Segregation by Intentional Government Action Is Not De Facto; Rather, It Is What Courts Call De Jure: Segregation by Law and Public Policy

When, from 2014 to 2016, riots in places like Ferguson, Baltimore, Milwaukee, or Charlotte captured our attention, most of us thought we knew how these segregated neighborhoods, with their crime, violence, anger, and poverty came to be. We said they are “de facto segregated,” that they result from private practices, not from law or government policy.

De facto segregation, we tell ourselves, has various causes. When African Americans moved into a neighborhood like Ferguson, a few racially prejudiced white families decided to leave, and then as the number of black families grew, the neighborhood deteriorated, and “white flight” followed. Real estate agents steered whites away from black neighborhoods, and blacks away from white ones. Banks discriminated with “redlining,” refusing to give mortgages to African Americans or extracting unusually severe terms from them with subprime loans. African Americans haven’t generally gotten the educations that would enable them to earn sufficient incomes to live in white suburbs, and, as a result, many remain concentrated in urban neighborhoods. Besides, black families prefer to live with one another.

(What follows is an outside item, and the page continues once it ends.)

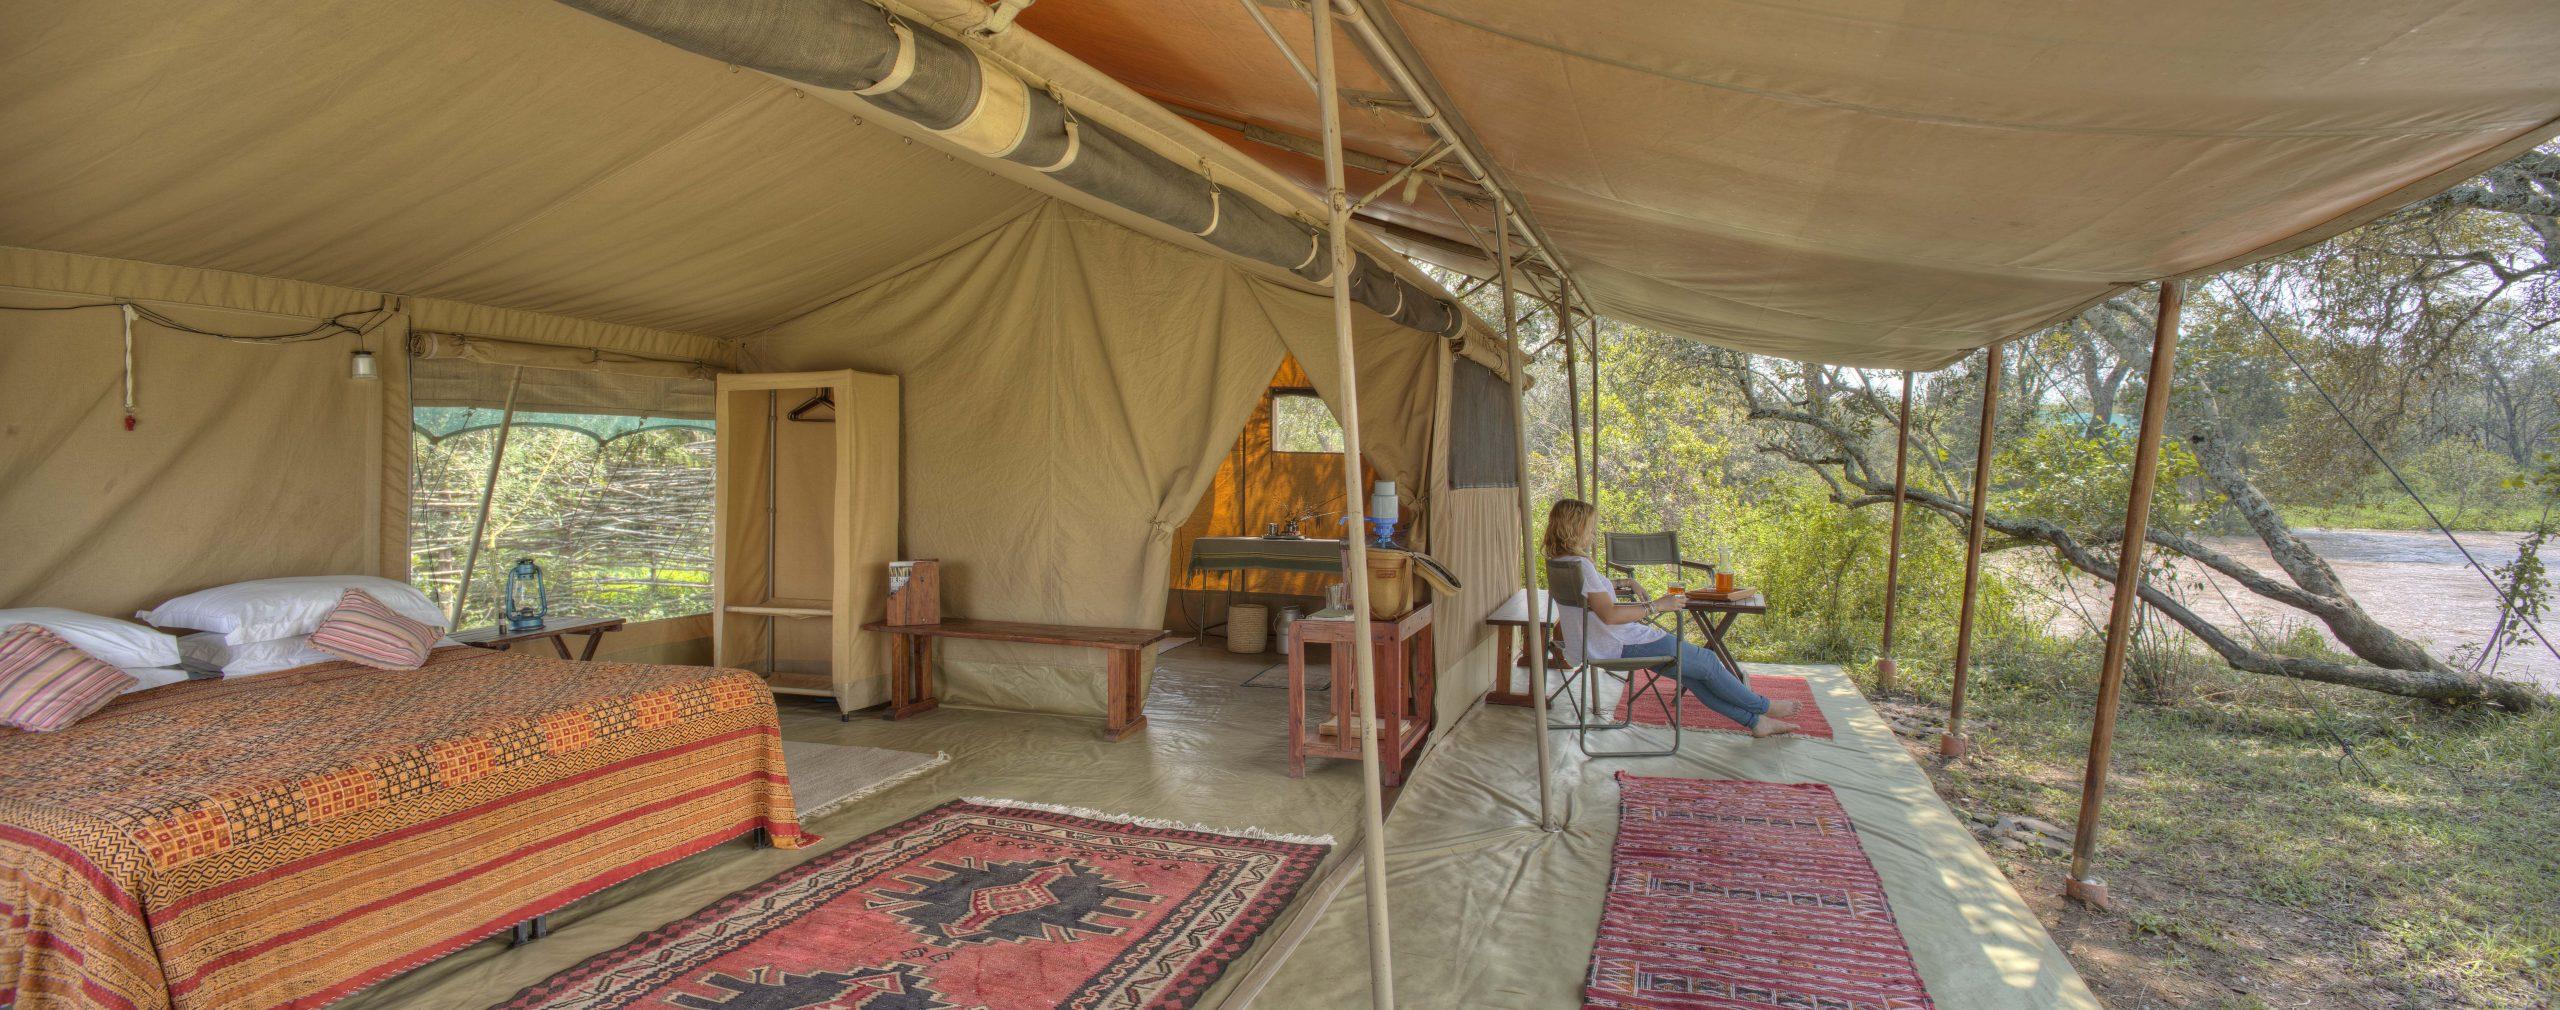 Ol Pejeta Bush Camp tent - Asilia

All this has some truth, but it remains a small part of the truth, submerged by a far more important one: until the last quarter of the twentieth century, racially explicit policies of federal, state, and local governments defined where whites and African Americans should live. Today’s residential segregation in the North, South, Midwest, and West is not the unintended consequence of individual choices and of otherwise well-meaning law or regulation but of unhidden public policy that explicitly segregated every metropolitan area in the United States. The policy was so systematic and forceful that its effects endure to the present time. Without our government’s purposeful imposition of racial segregation, the other causes—private prejudice, white flight, real estate steering, bank redlining, income differences, and self-segregation—still would have existed but with far less opportunity for expression. Segregation by intentional government action is not de facto. Rather, it is what courts call de jure: segregation by law and public policy.

--Richard Rothstein, preface to The Color of Law: A Forgotten History of How Our Government Segregated America (New York: Liveright Publishing Corporation, 2017), e-book.